Deconv implementation in keras output_shape issue

I am implementing following Colorization Model written in Caffe. I am confused about my output_shape parameter to supply in Keras

model.add(Deconvolution2D(256,4,4,border_mode='same',
output_shape=(None,3,14,14),subsample=(2,2),dim_ordering='th',name='deconv_8.1'))

I have added a dummy output_shape parameter. But how can I determine the output parameter? In caffe model the layer is defined as:

layer {
 name: "conv8_1"
  type: "Deconvolution"
  bottom: "conv7_3norm"
  top: "conv8_1"
  convolution_param {
    num_output: 256
    kernel_size: 4
    pad: 1
    dilation: 1
    stride: 2
  }

If I do not supply this parameter the code give parameter error but I can not understand what should I supply as output_shape

p.s. already asked on data science forum page with no response. may be due to small user base

Solution

What output shape does the Caffe deconvolution layer produce?
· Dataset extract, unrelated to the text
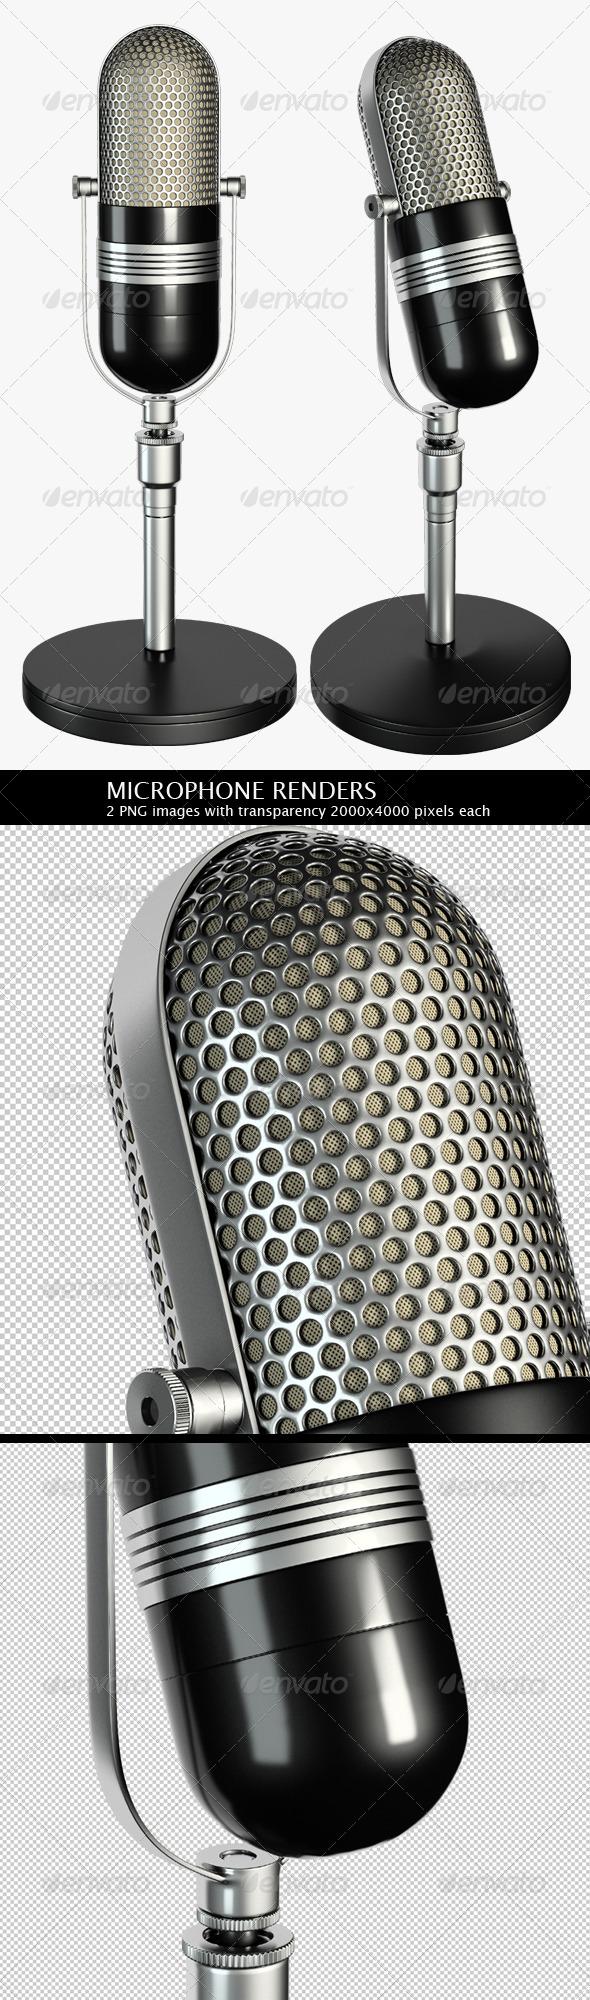 2 Microphone Renders - Objects 3D Renders

For this colorization model in particular you can simply refer to page 24 of their paper (which is linked in their GitHub page):

So basically the output shape of this deconvolution layer in the original model is [None, 56, 56, 128]. This is what you want to pass to Keras as output_shape. The only problem is as I mention in the section below, Keras doesn't really use this parameter to determine the output shape, so you need to run a dummy prediction to find what your other parameters need to be in order for you to get what you want.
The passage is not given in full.